Wild about the Angus Glens
This is an ancient landscape – not just the rocks carved by the cascading waters of the glens – but a knowledge that folk have made these valleys their home for millennia. Angus is the recognised birthplace of ‘Scotland’ – but the Glens have been inhabited long, long before the signing of the Declaration of Arbroath in 1320. Try some 4,000 years more. That knowledge gives them an otherworldly feel. We took time out to visit one of the five Glens – Glen Esk – and in particular to try a new experience being offered … a wildlife tour to discover the Glen’s flora and fauna …
Heading to Glen Esk, you drive to Edzell and follow the brown tourist signs. The road is mainly single track, meaning the 10 or so miles to the tour’s start point takes just over 20 minutes.
The Glenesk Retreat & Folk Museum is the rendezvous: the somewhat strangely named venue is a centre for the Glenesk community. Owned and managed by the Glenesk Trust, it is run by a great team of staff and volunteers, but it is so much more than its name suggests.

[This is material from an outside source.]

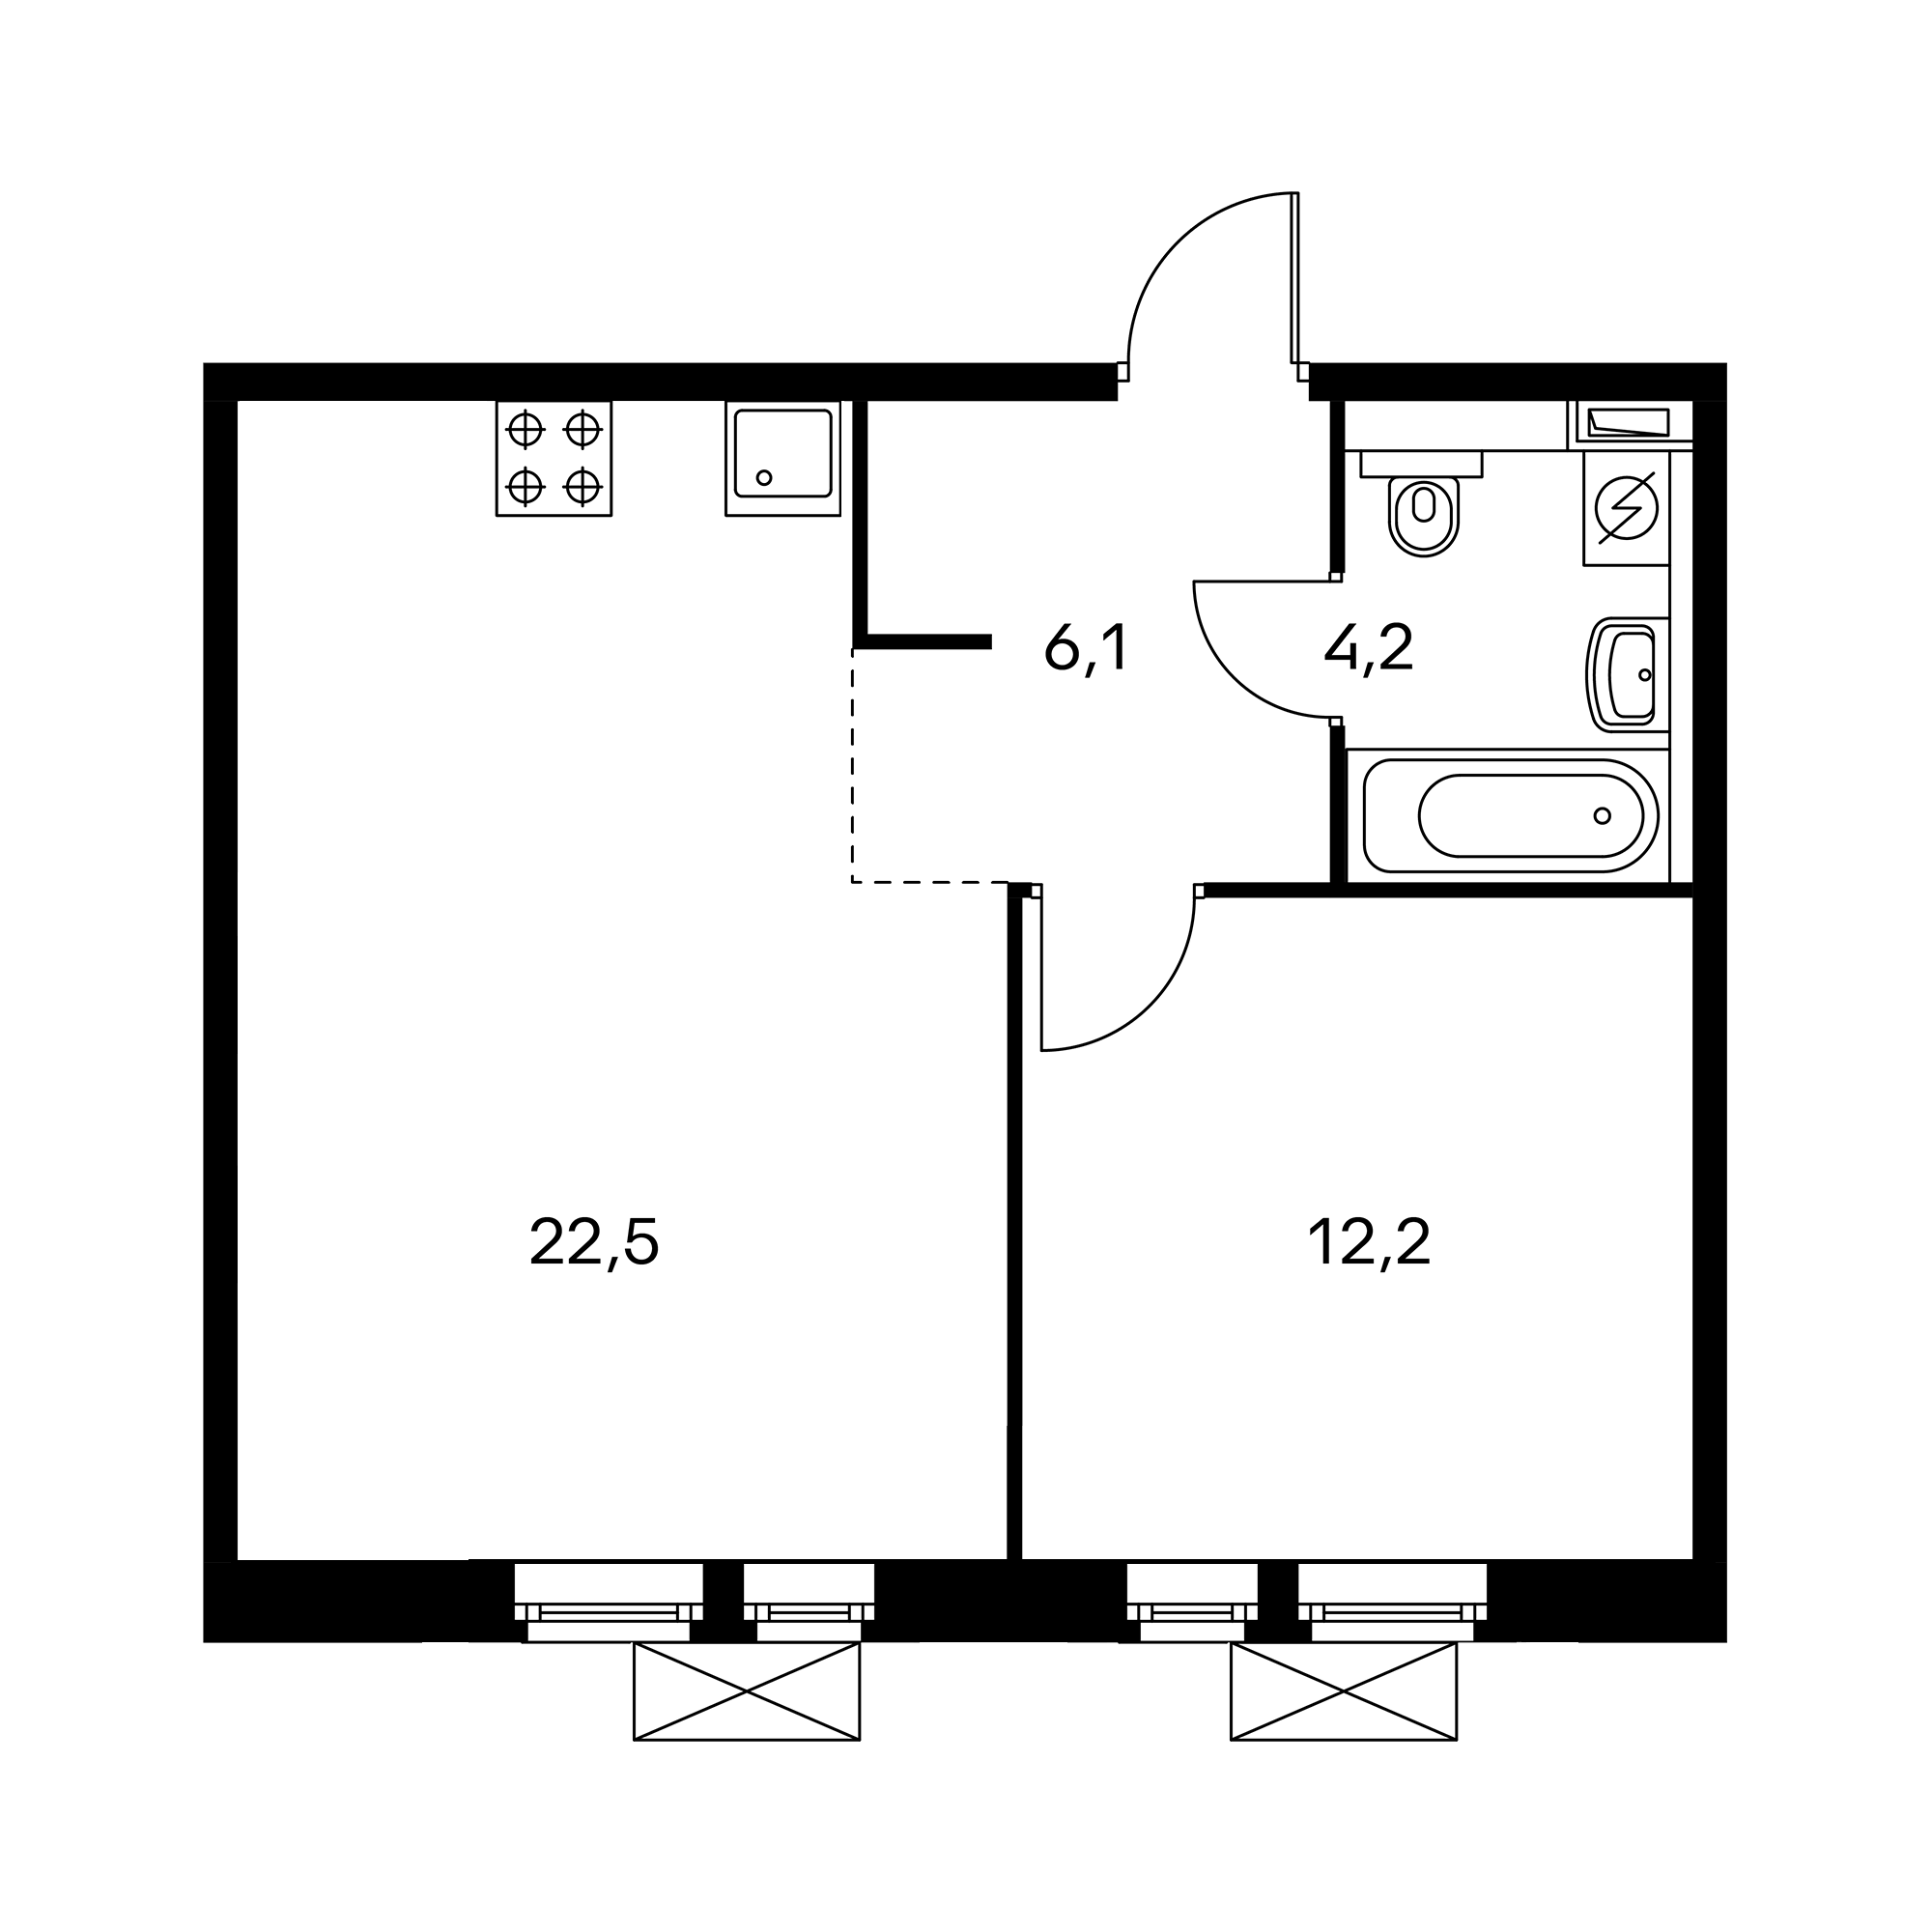 1EL3_7.8-1_1

The ‘retreat’ is a historical hangover as the site was once home to Captain Wemyss who built a cottage in the 1840s as a retreat – an escape from the sea. The folk museum is a treasure trove of antiquities and memorabilia – all from the Glen – with displays changing seasonally and plenty of opportunities for interaction for all ages.
They also have rooms that have been reconstructed to show what life in the Glen might have been like in the Victorian heyday. The venue is also home to a superb wee cafe and shop – with full disabled access: the cafe serves an array of hot and cold drinks, delicious home-baked cakes and treats and serves scrumptious snacks and meals throughout the day. Where possible, they use local and regional seasonal produce – and the shop stocks and sells all manner of books, gifts, arts and crafts. It is also licensed.
And so to the tours …
There are two experiences on offer: for the last three years, Game Keeper, Andy Malcolm, has led Land Rover Safaris to share his three decades of experience and knowledge of Glen Esk – getting visitors up close and personal with the wildlife. Andy’s tailored tours to suit a the different needs of those he takes to the hills – from family adventures and photographic stalking to wild deer experiences and corporate days out.

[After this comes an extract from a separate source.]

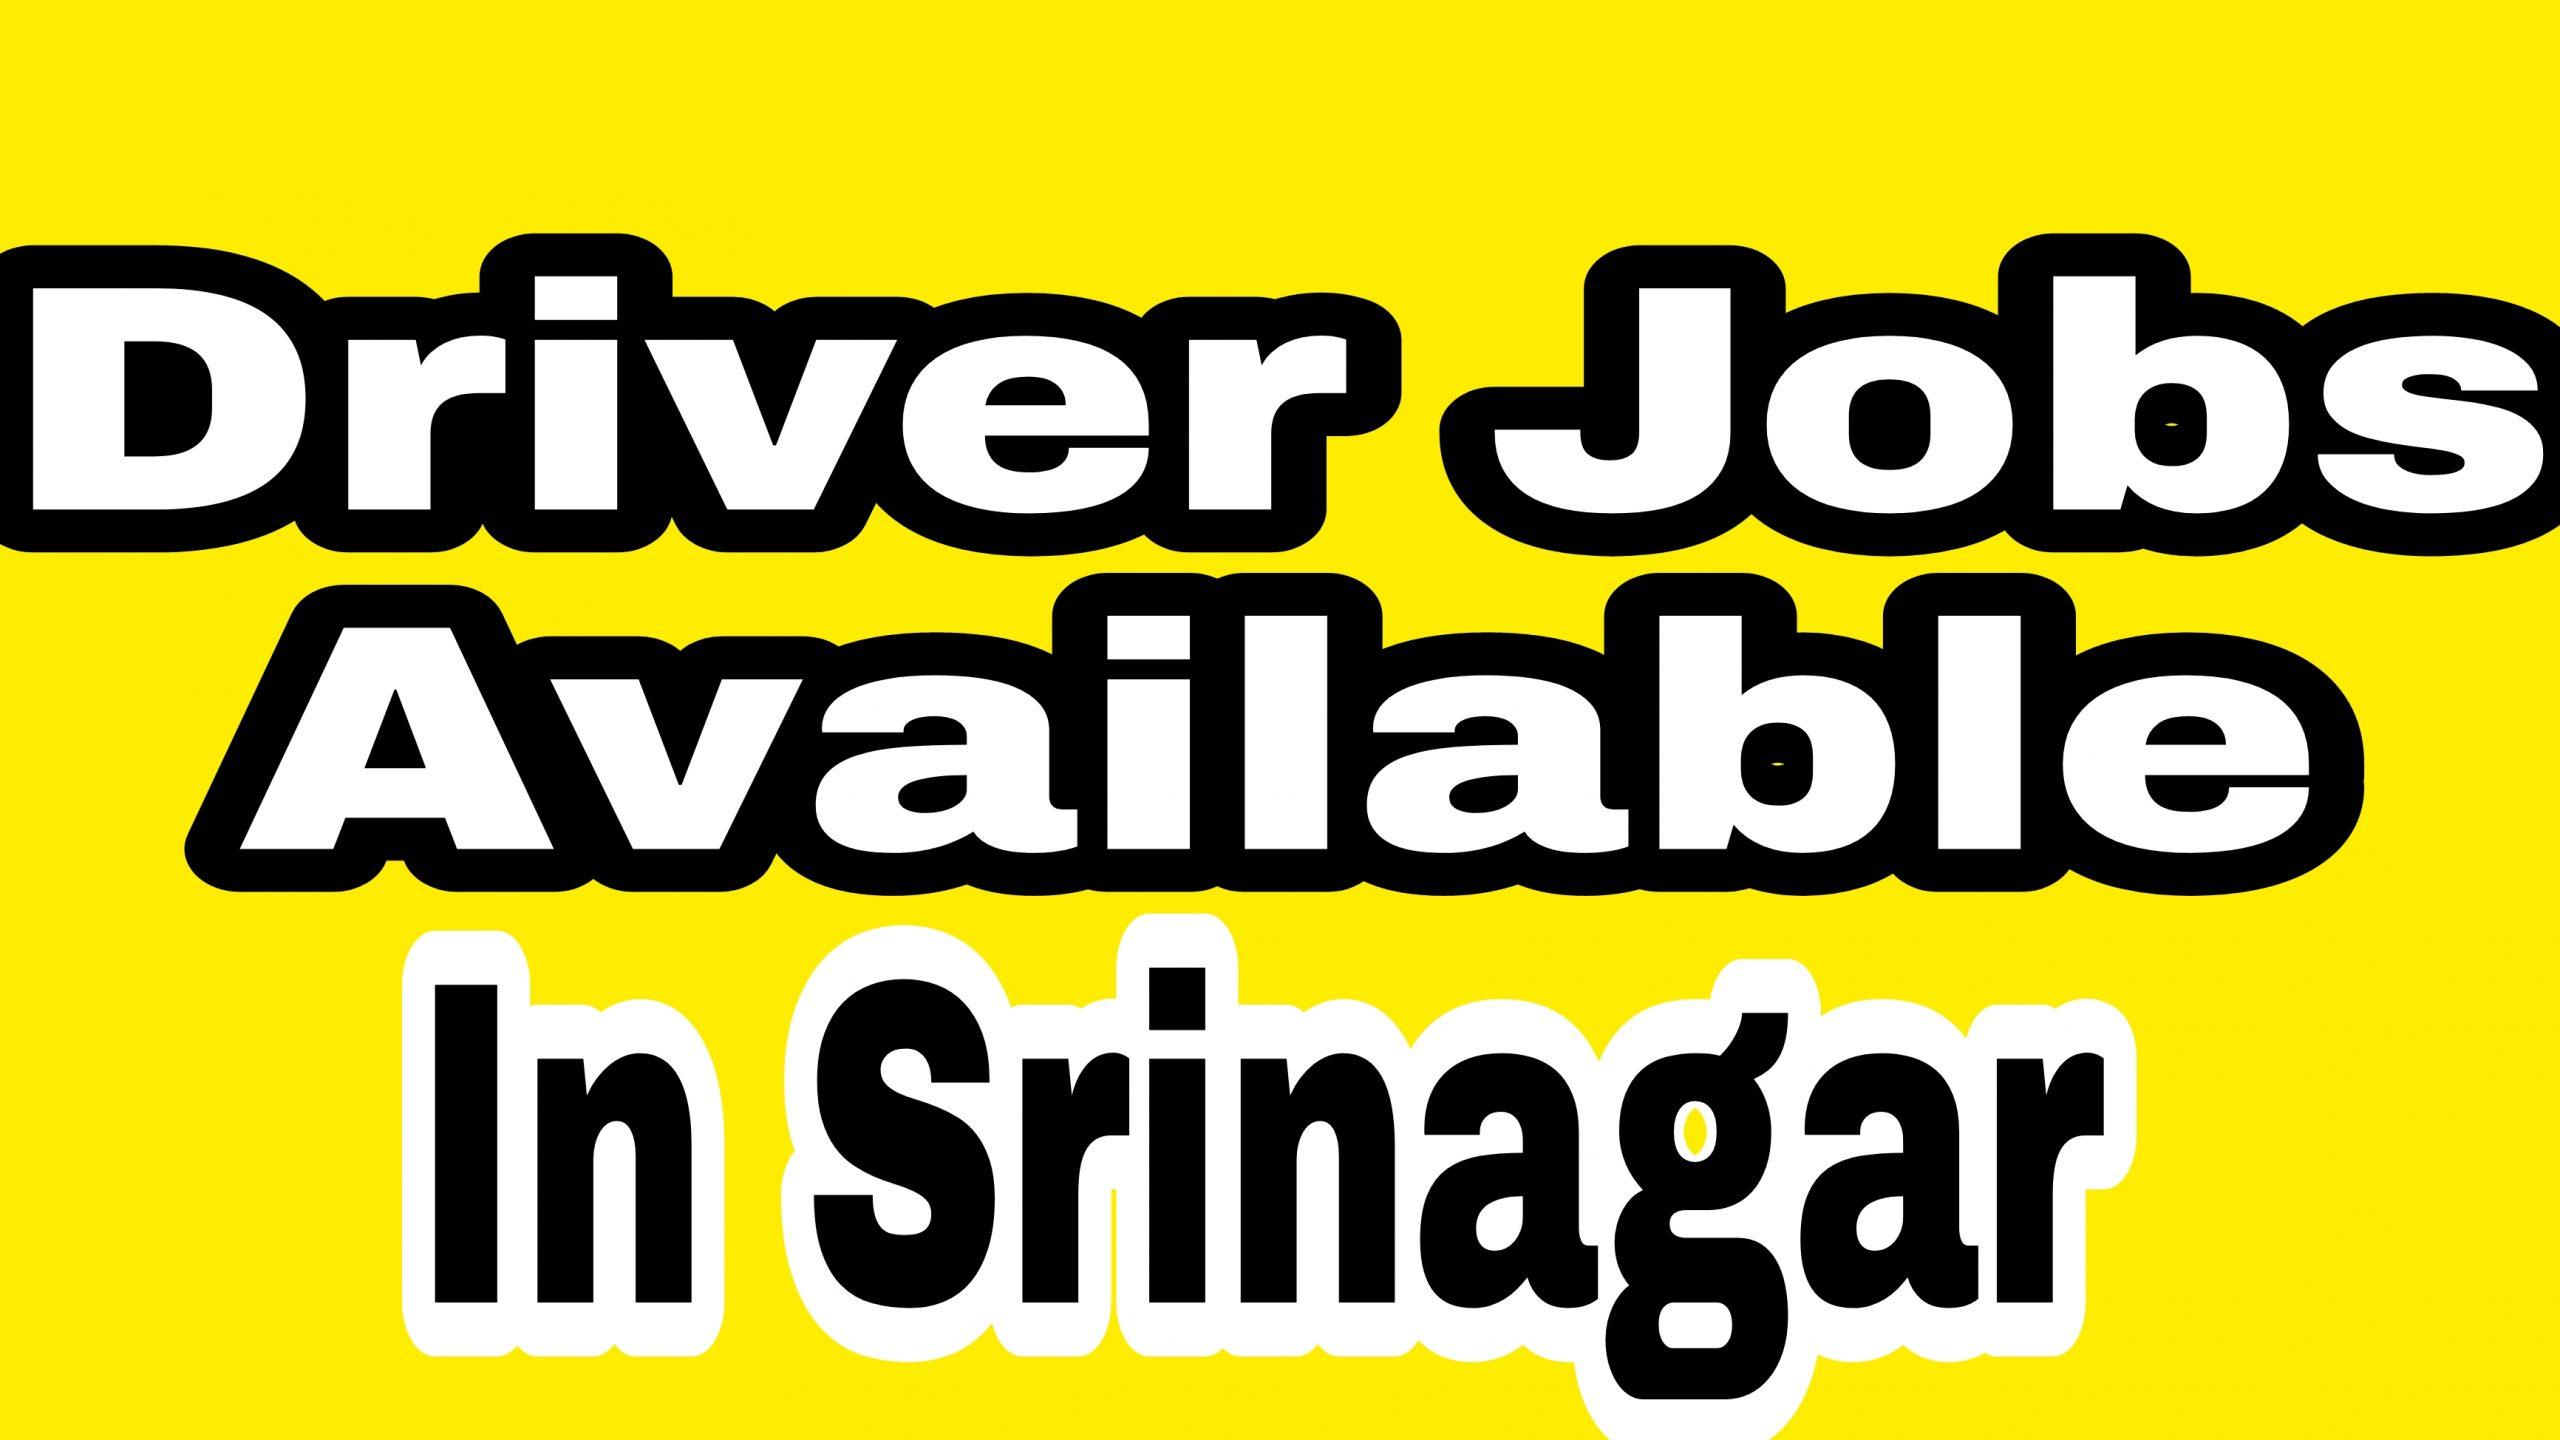 Driver jobs Srinagar Bemina Qamarwari HMT

This year, working with Wild Alba Tours, Glenesk is offering a different experience – Taster Tours – focusing more on the seasonal wildlife that makes the Glens their home at this time of year – and to discover more on the area’s natural environment, history and heritage. Leading these is ecologist, Jackie Taylor who has spent over a decade working surveying plants, mammals and birds in some of the most beautiful and remote parts of Scotland.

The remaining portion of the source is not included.